Капитан старался держать себя в руках, не проявляя слабости перед командой. Но его мыслей не покидал жуткий – и одновременно грустный образ воскресшего Карла Птитса.
Машины с корсарами на борту сели напротив здания суда, и полицейские распахнули двери. Пикселя и его товарищей дубинками, почти как скот, погнали в сторону входа, где уже собралась толпа.
Башня Нью-Бейли высилась недалеко от собора Святого Бенедикта – и Имперских Садов, где корсары ночью преследовали Одержимого. Вытянутый купол венчала статуя женщины в хитоне, расправившей крылья за спиной. В левой руке она держала чашечные весы, а правой замахнулась длинным мечом, вокруг которого скульптор сделал языки пламени. Капли дождя падали на скрывающую глаза повязку и стекали, будто слёзы Ангела Правосудия.
Не сбавляя шага, Пиксель шёл к входным дверям. Слева и справа от него столпились горожане, которым не давали приближаться полицейские с дубинками и щитами. В основном жители верхних уровней – лощёные господа и дамы в причудливых нарядах. Зонты защищали аристократические головы в цилиндрах, шляпках и чепчиках от капель дождя.
Люди криками и улюлюканьем провожали команду «Аркана», поднимавшуюся по ступенькам. «Как знаменитостей, – подумал Пиксель, – только совершивших нечто нехорошее». Капитан слышал возгласы: «Пиратов на виселицы!», «Корсары – террористы!», «Валите на Зекарис!» и прочие оскорбления, многие из которых были также написаны на плакатах. Приземистый зелёный булькрокпронзительно залаял при виде Пикселя. Хозяин, одетый в малиновый костюм джентльмен с завитыми усами, с трудом удержал животное на поводке.
И только мальчик в форме некой элитной школы, который спокойно стоял на ветру в шортах, улыбнулся корсару и поднял две игрушки наподобие тех, что продавались на Высокой Горе. Узнав в фигурках себя и Босса, Пиксель помахал рукой, насколько позволили оковы.
– Не задерживаться! – грубо сказал полицейский. – Здесь вам не парад!
И подтолкнул дубинкой одного из корсаров, идущих в конце процессии. Тот люто оскалился, но ничего не ответил.
– Мистер Пиксель, прокомментируйте ситуацию!
– Мистер Пиксель, это правда, что вы на стороне Одержимого?
Жадные до сенсаций репортёры хищно кричали капитану с дозволенного им расстояния, однако он им не отвечал.
После ступенек, напомнивших Пикселю местный музей, «космические волки» очутились в вестибюле с высокими потолками, своды которых опирались на колонны. На другом конце длинного зала стоял памятник – кто-то в судейской мантии и завитом парике.

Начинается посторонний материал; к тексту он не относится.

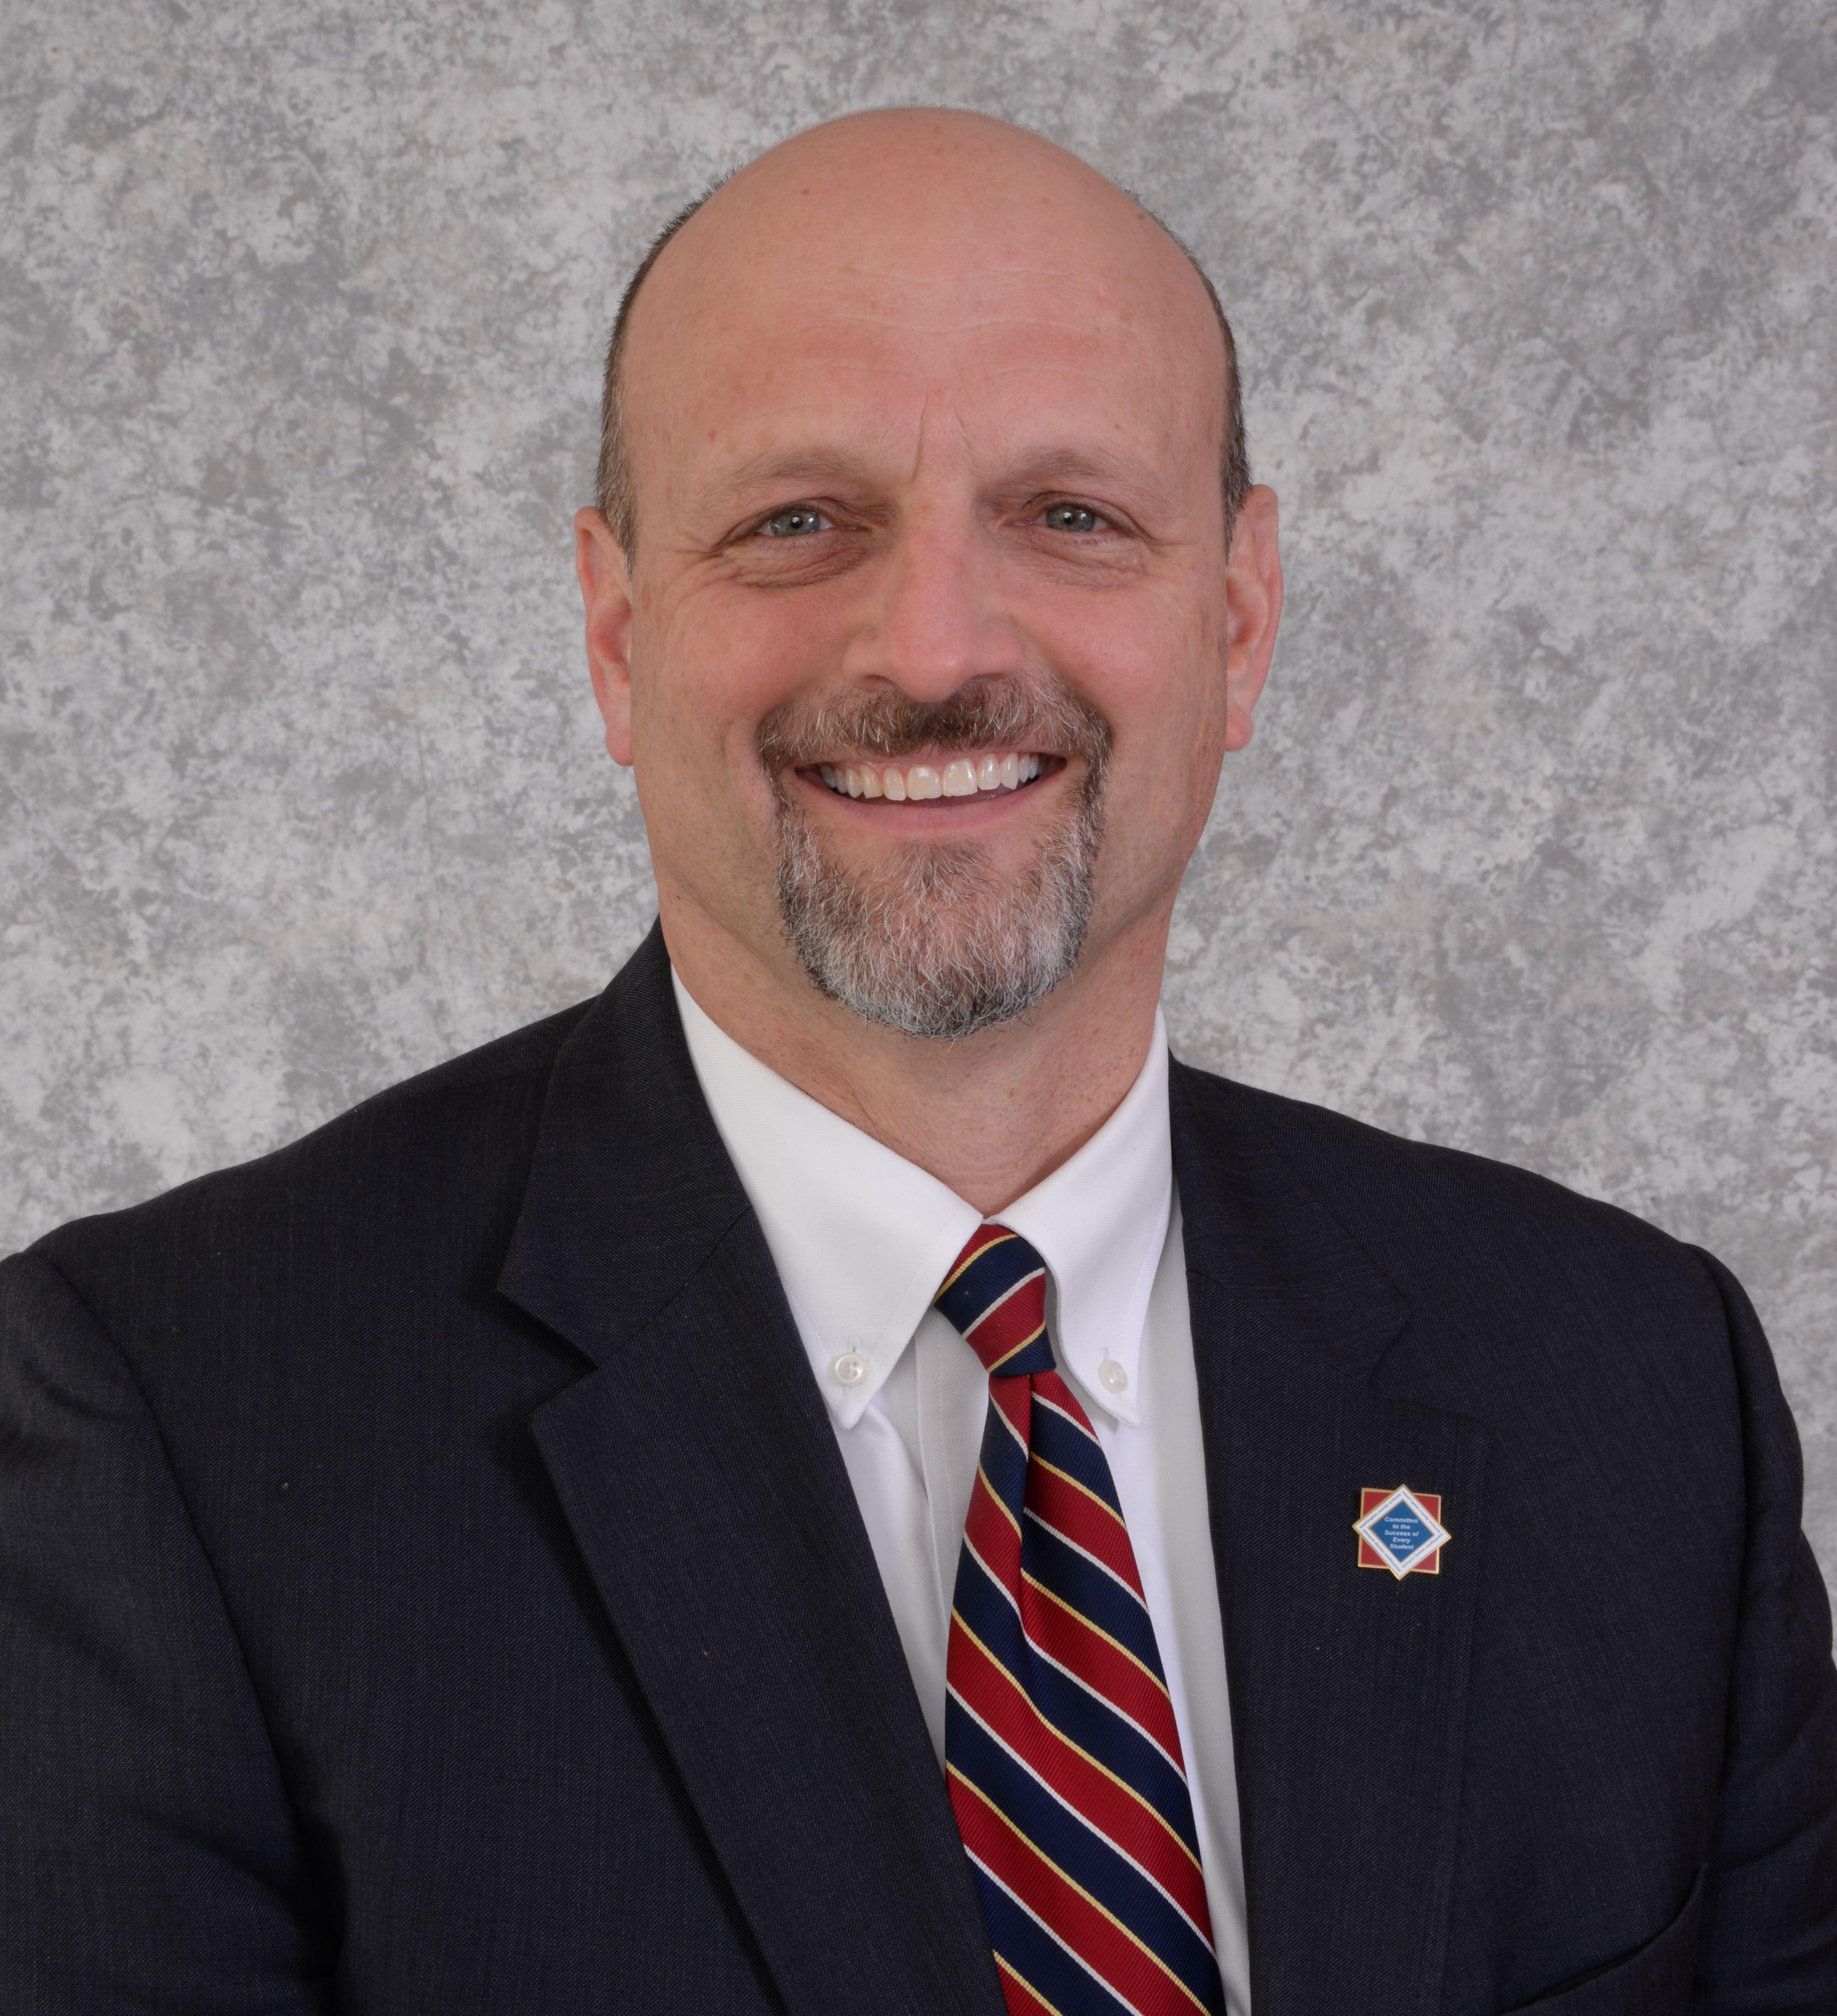 Brian Ratliff, Superintendent

Стражи порядка задержали корсаров на входе, заставив по одному пройти через рамки металлоискателей. Затем каждого «космического волка» просканировали отдельным прибором и прощупали на отсутствие оружия, взрывчатки и других опасных предметов. Бессмысленная мера – и так сабли, пистолеты и всё, что можно, отобрали при аресте.

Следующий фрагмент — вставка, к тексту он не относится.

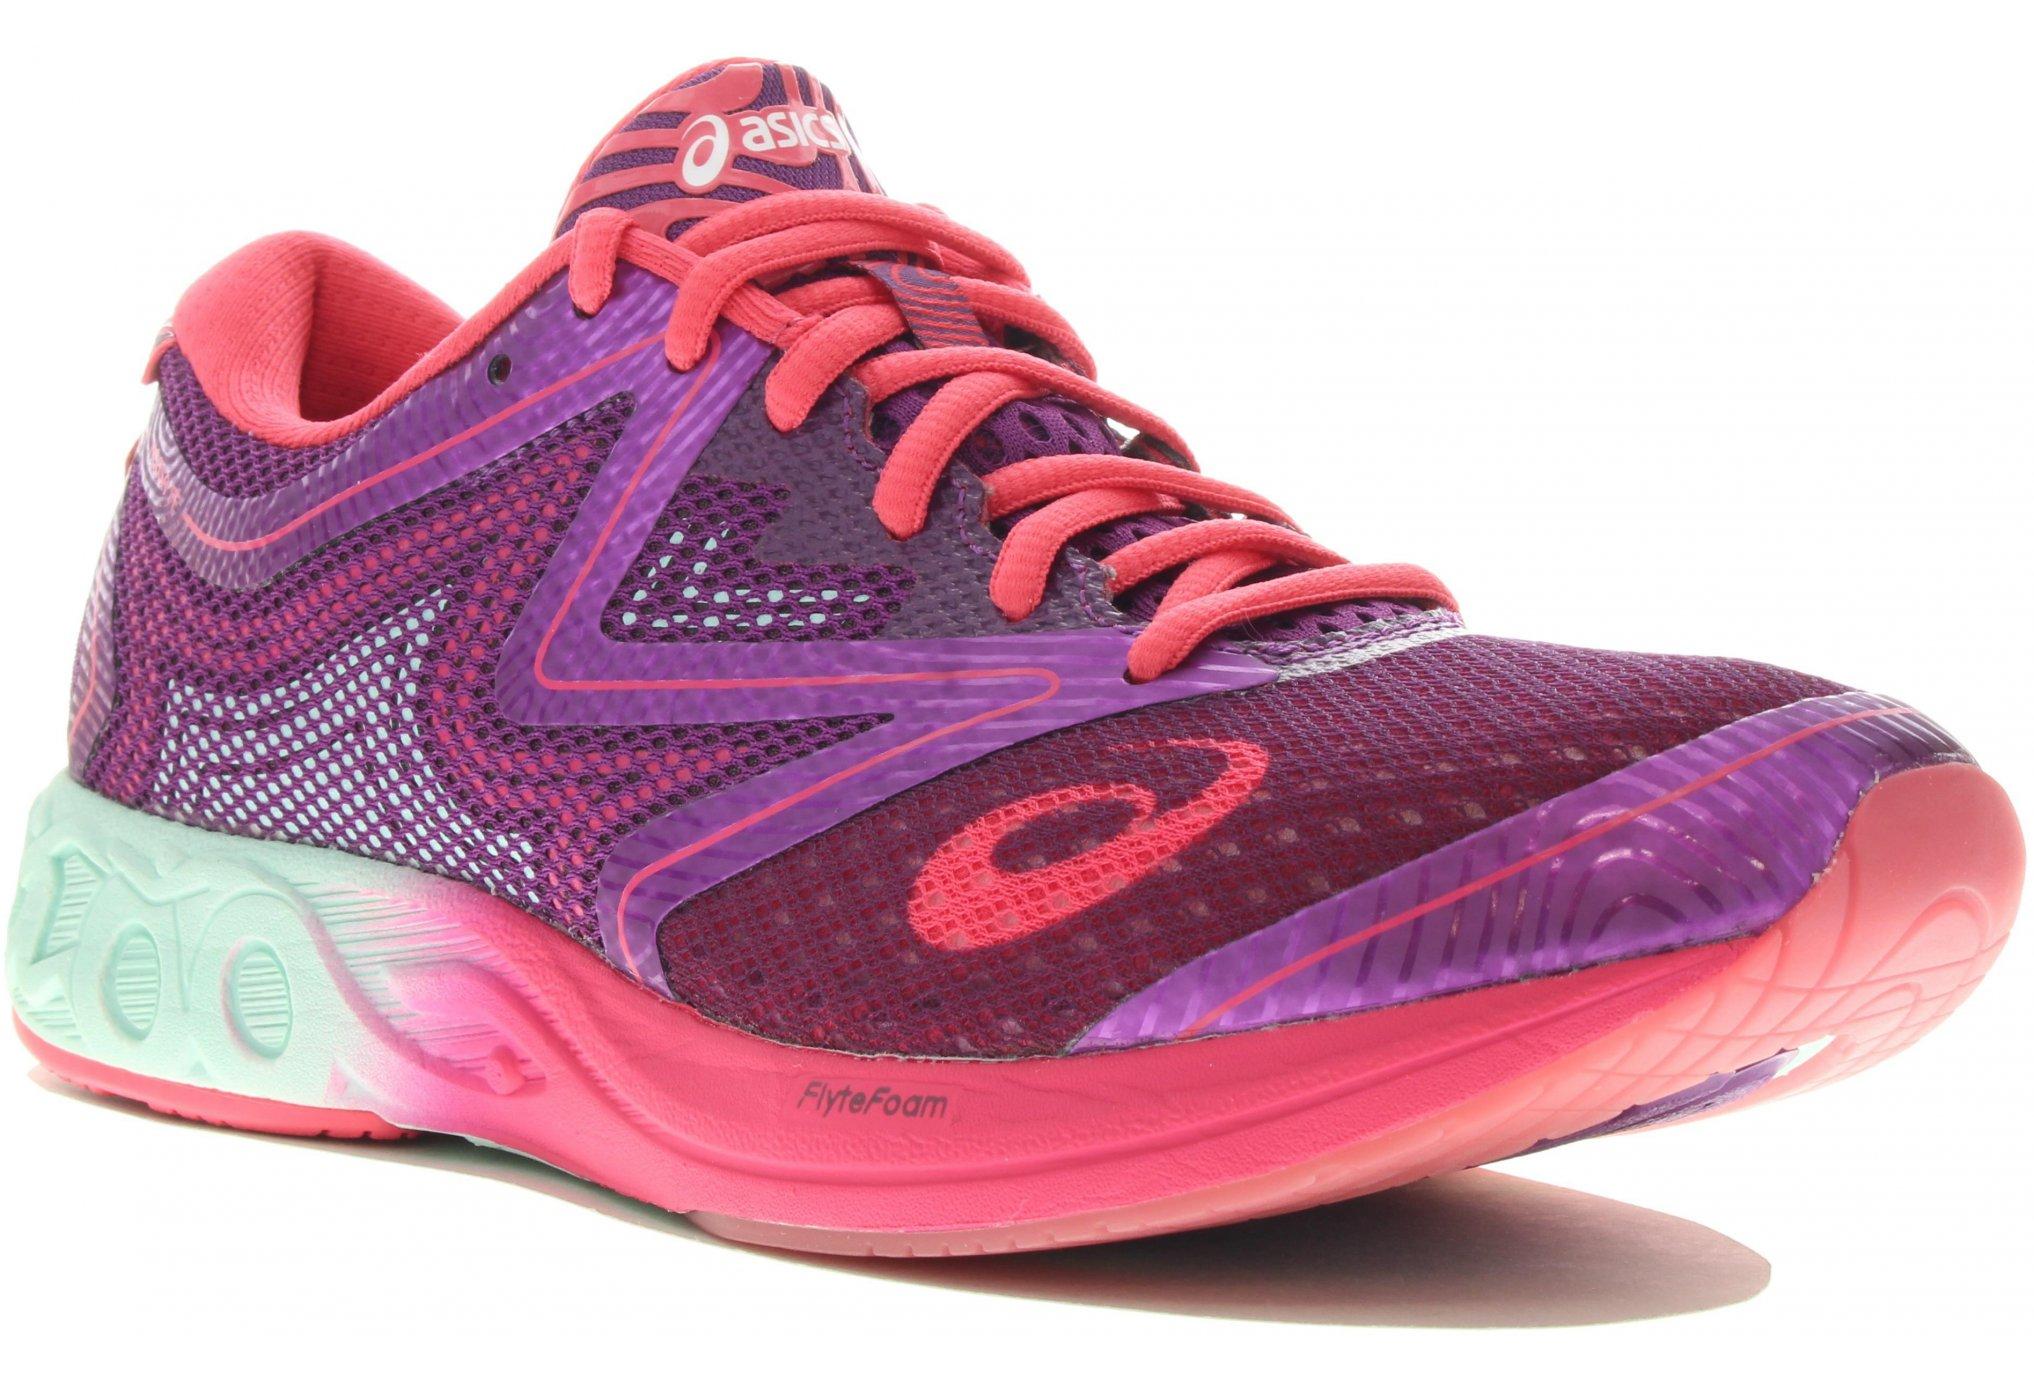 81799225365 W Cumulus femme Trail 19 Session running Gel Chaussures Asics Hp6xTqB

– Смотрите, я чист! – раздражённо крикнул Антимон. – Императором клянусь!
– Он тебя не простит, разбойник, – бросил осматривавший его полицейский.
За рамками корсаров встретил нервный служащий в деловом костюме, держащий несколько информационных планшетов за пазухой. Его сопровождали восемь вооружённых полицейских.

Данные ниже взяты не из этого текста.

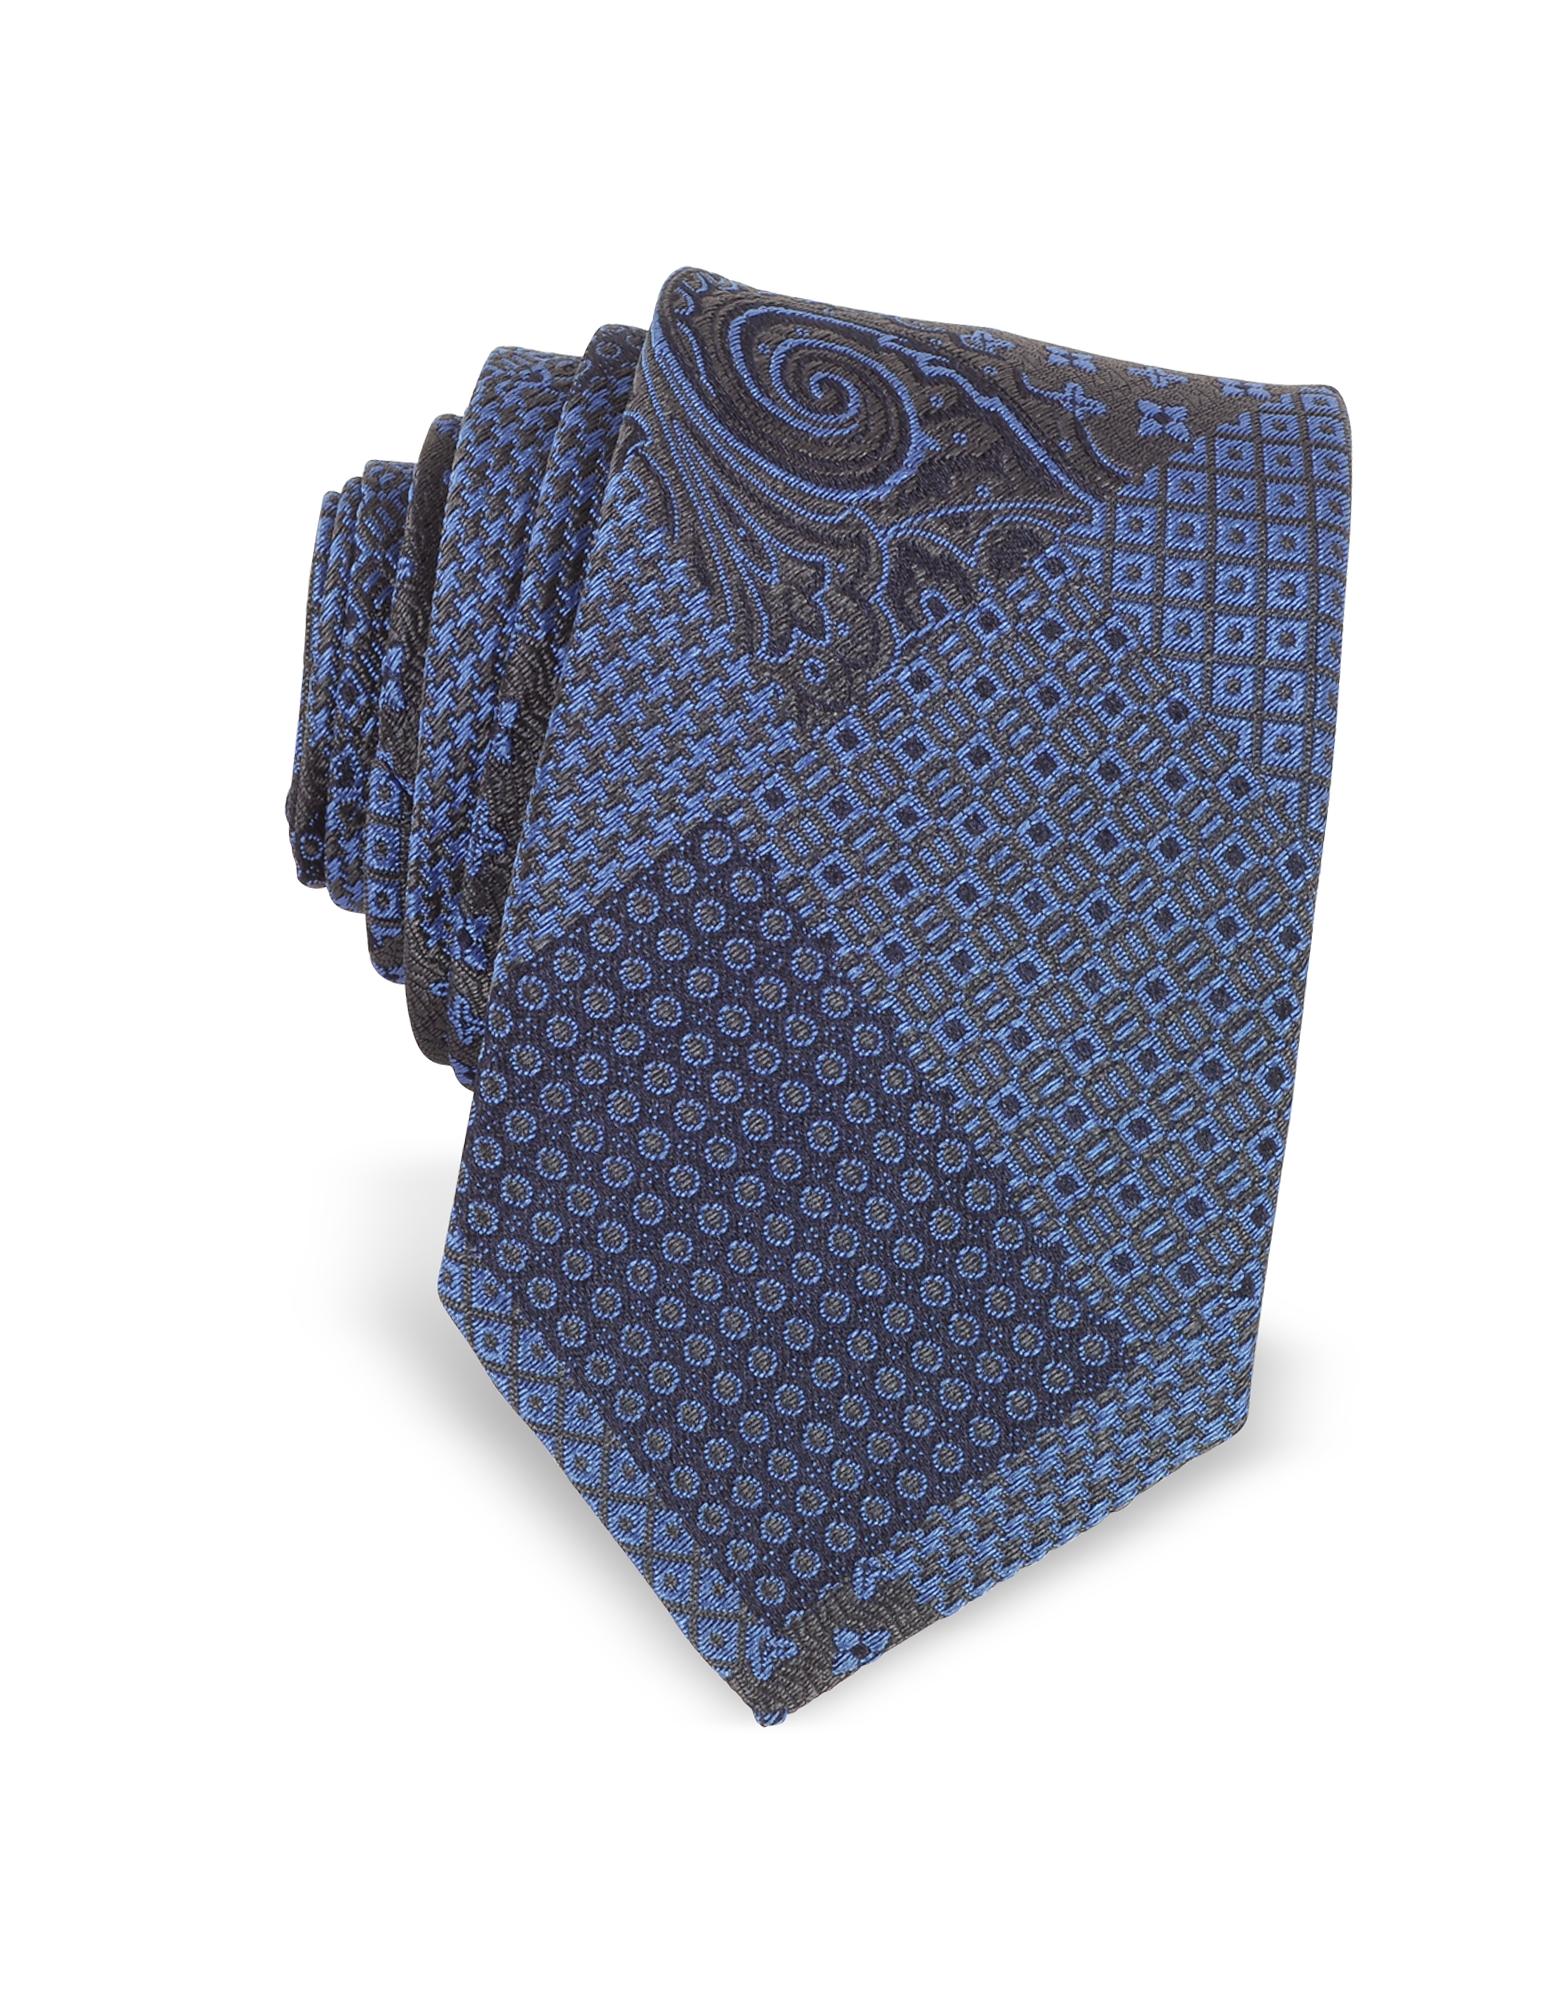 Forzieri Ties, Patchwork Woven Silk Narrow Tie

– М-мистер Пиксель, – волнуясь, выдал он. – П-прошу за м-мной.
Команду брига посадили в просторном зале с таким же высоким сводчатым потолком. На белых стенах висели портреты угрюмых рейвенхольдцев.
– П-подождите здесь, с-сэры, – сказал служащий, кивая в сторону длинных деревянных скамей.
– Да вы сама любезность, – съязвил Михаил.
Клерк неловко развернулся и покинул зал, а полицейские встали на стражу у входа.
– Ненавижу центральные миры! – выкрикнул Антимон, когда богато украшенные двери захлопнулись.
Пиксель лишь с грустью посмотрел на судового врача.
– У нас на фронтире всё понятно – где свой, где чужой, и только О’Доэрти бузит иногда, – продолжал тот. – А здесь… Здесь нас бросили в тюрьму свои же, и под каким-то надуманным предлогом!
– Разуй глаза, Анти, – буркнул Свинтус. – Как будто не в Империи живёшь.